Developing and selling products and services for the sake of profit only will become uneconomical as the full costs and benefits of all of our actions are finally accounted for on balance sheets. We will discover that less is more and our satisfaction does not lie in acquiring more stuff. Living well, eating well, having high quality homes and mobility and schools and natural beauty will be our sustenance and relieve the anxiety and despair that have burgeoned from our false hope in materialism.


All will play a role in the transition from carbon. Those who insulate and solarize our roofs, yes, but also those who teach our children and cook their lunches, those who own barber shops and host live music and art exhibits. Every livelihood will find a niche to contribute.


More people and communities will be directly involved in energy generation and storage and own some or all of their energy infrastructure. Energy generation will be a new source of financial security while providing more reliable energy sources in the face of increasing climate impacts.

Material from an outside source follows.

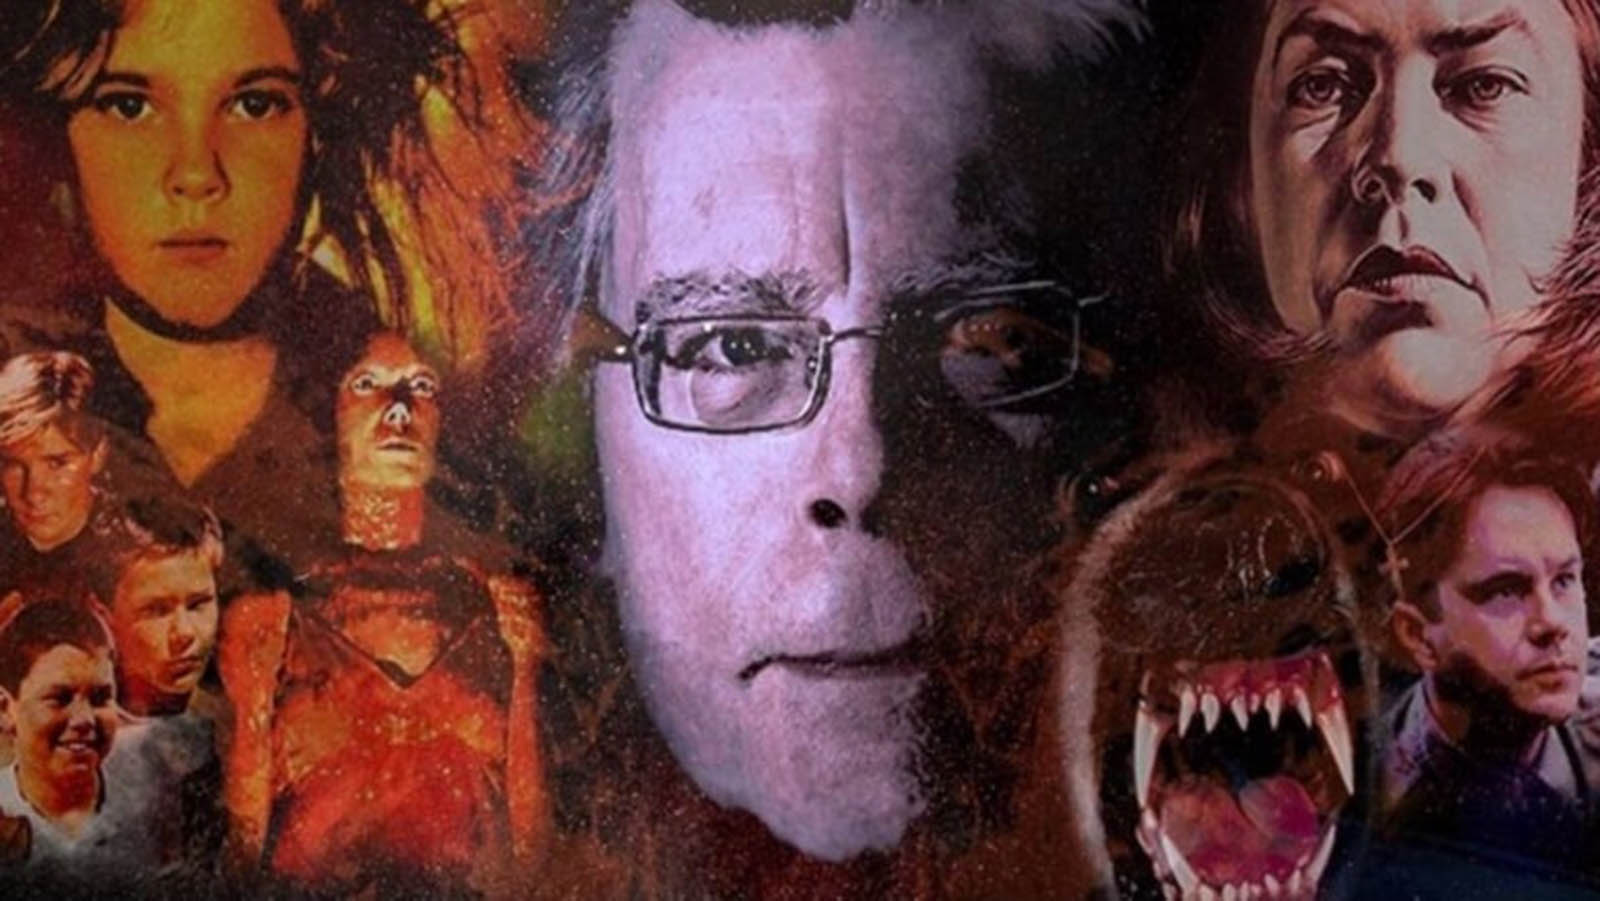 Stephen King Limited Edition and Trade Edition Subscription - Special Offer Today Only!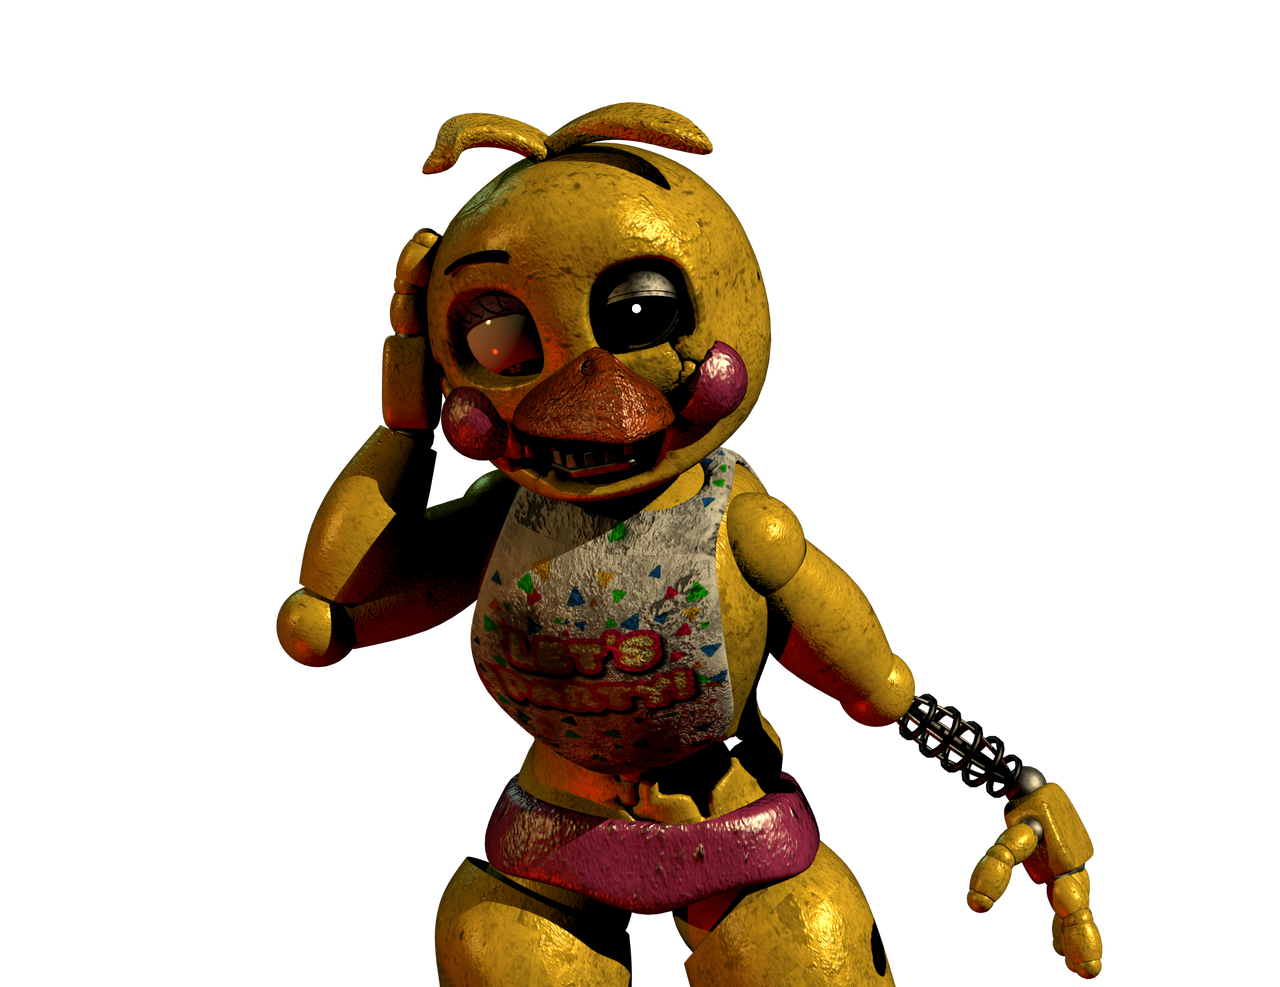 Chica and Withered Chica by Torres4 on DeviantArt

Even our spirits will shift, uplifted with hope and generosity. Relief from the existential threat of climate change will bring a collective sense of purpose and unity. As with the threat of imminent nuclear winter, we will look back on a time when we were certain the earth would go up in flames and be thankful that somehow, we found solace in our organic collective wisdom, that our belief in harmony and justice triumphed over prejudice and inequality. That somehow we learned to listen to each other, to care for generations not yet born, to value our existence as if we were huddled together on a brilliant blue-green sphere, millions of miles from anything, with only our thinnest film of atmosphere to keep us safe.